UCR одна область PDE 43 и UCR 2, а также CAT области PDE 43 оценивались с использованием этого метода, как показано здесь. Экспрессия vn ACAP LBC и VC PDE 43 UCR two plus CAT приводит к более низкому сигналу BC по сравнению с VC PDE 43 FL и VC PDE 43 UCR. Во всех проточных образцах наблюдалась одна сходная экспрессия белка, а средняя флуоресценция нормализована до относительных уровней экспрессии ACAP, LBC, PDE 43 и альфа-тубулина. Таким образом, нормализованный B-C-M-F-I указывает на то, что нет разницы в интенсивности флуоресценции между ACAP LBC PDE 43 FL и ACAP LBC PDE 43 UCR R one, но значительно меньший сигнал для ACAP LBC PDE 43 UCR two плюс взаимодействие CAT.

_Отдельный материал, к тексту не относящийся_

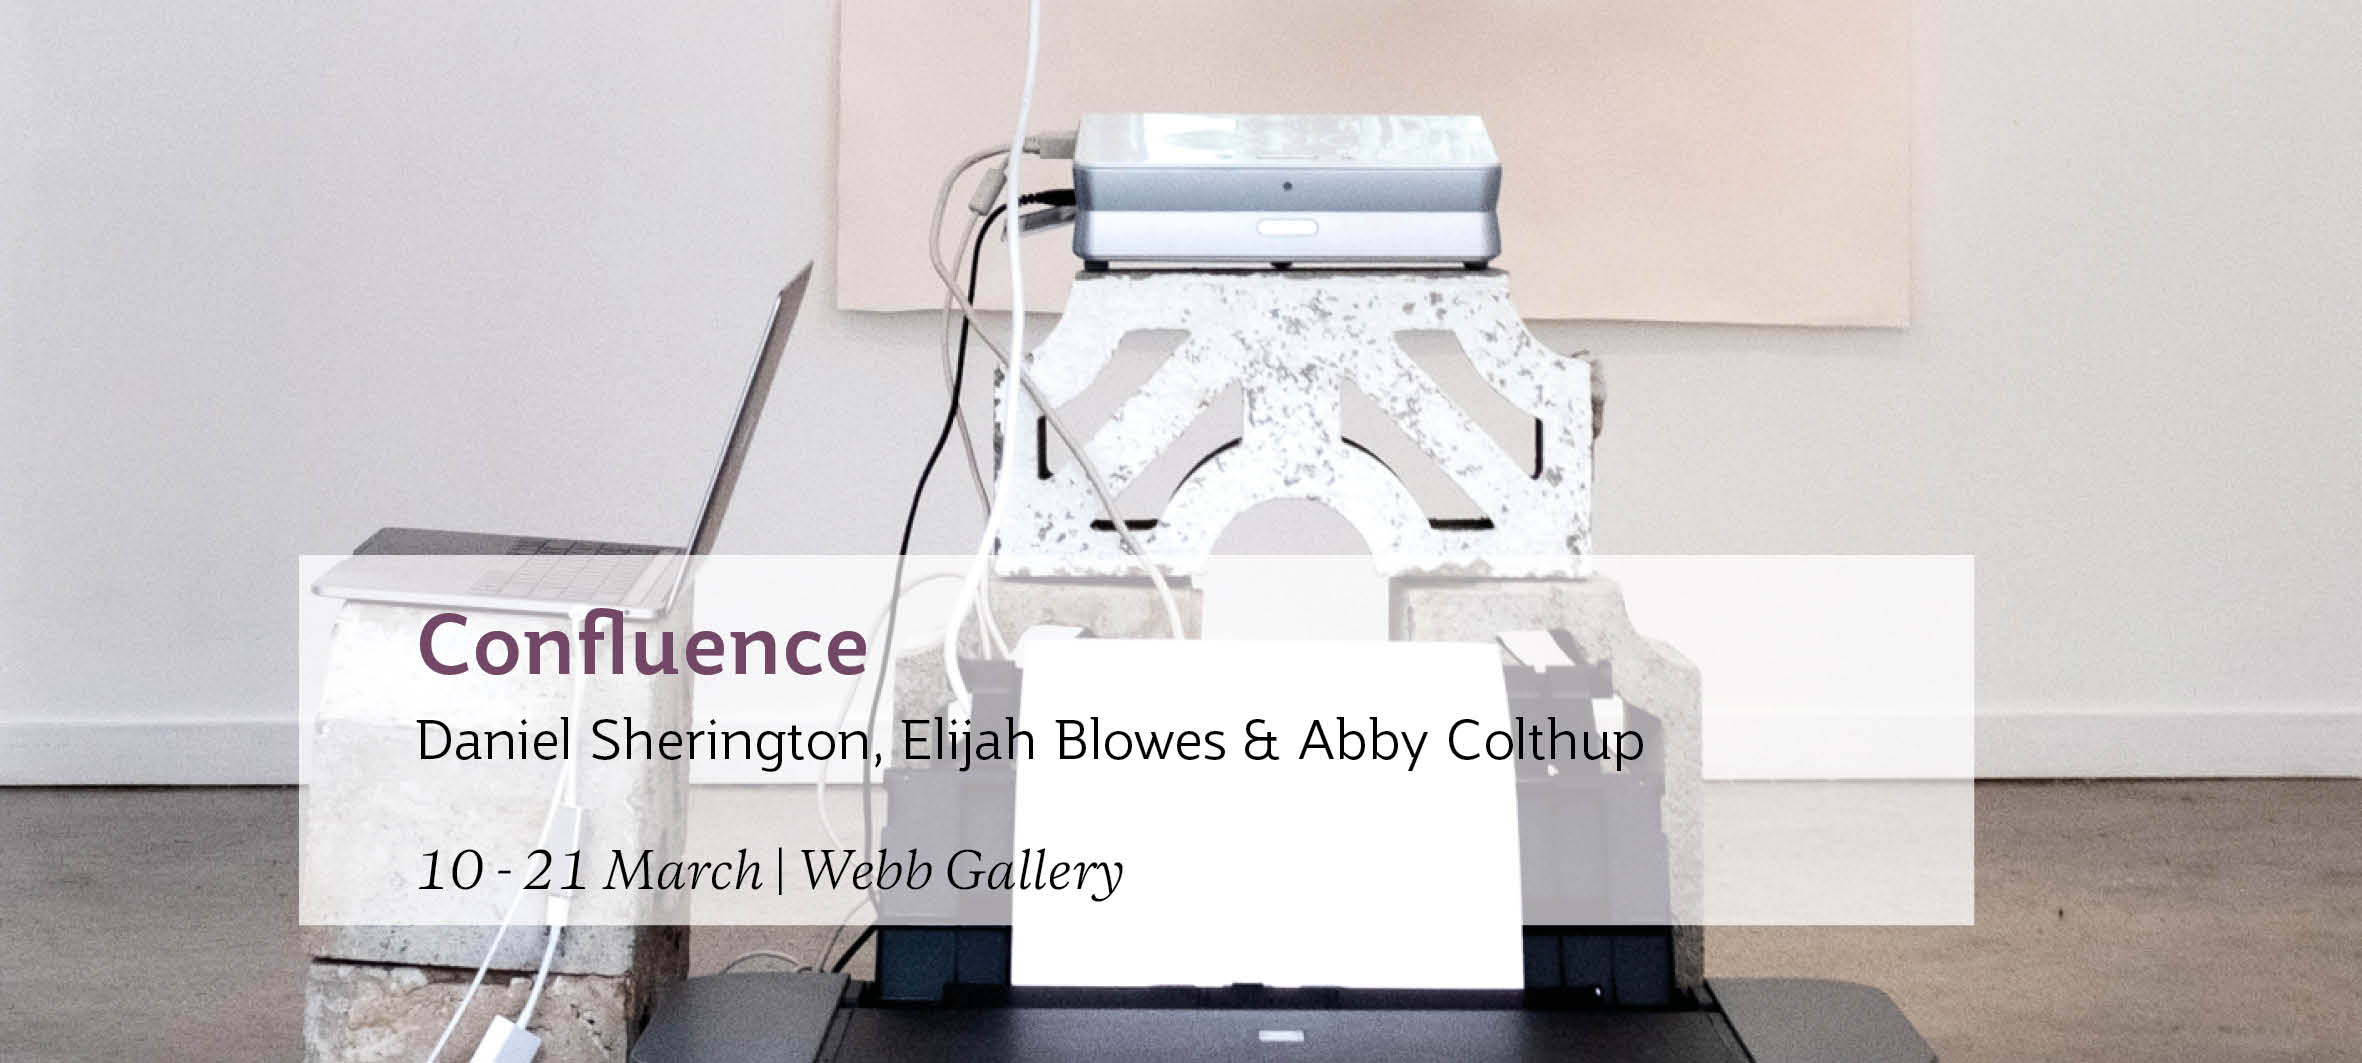 Confluence: Daniel Sherington, Elijah Blowes & Abby Colthup

Эти результаты свидетельствуют о том, что в PDE 43 есть несколько областей, которые взаимодействуют с ACAP LBC, и что PDE 43 UCR R one является основной областью взаимодействия с ACAP LBC. После просмотра этого видео у вас должно сложиться хорошее представление о том, как изучать белок, взаимодействие белков с помощью анализа проточной цитометрии BP C. При выполнении этой процедуры важно помнить о необходимости определения правильного количества конструкции BP C, используемого для получения аналогичной экспрессии белка и линейного ответа BP C. После этой процедуры можно использовать другие методы, такие как пептид или риск, чтобы определить, какие аминокислоты в составе PDE 40 D 3 ответственны.
Его взаимодействия с ACAP RBC.
View the full transcript and gain access to thousands of scientific videos
Это исследование представляет метод анализа потокового цитометра с использованием бимолекулярной флуоресцентной комплементации (BiFC) для количественной оценки взаимодействий белок-белок. Подход особенно полезен для картирования мест связывания белков и отбора регуляторных факторов, участвующих в этих взаимодействиях.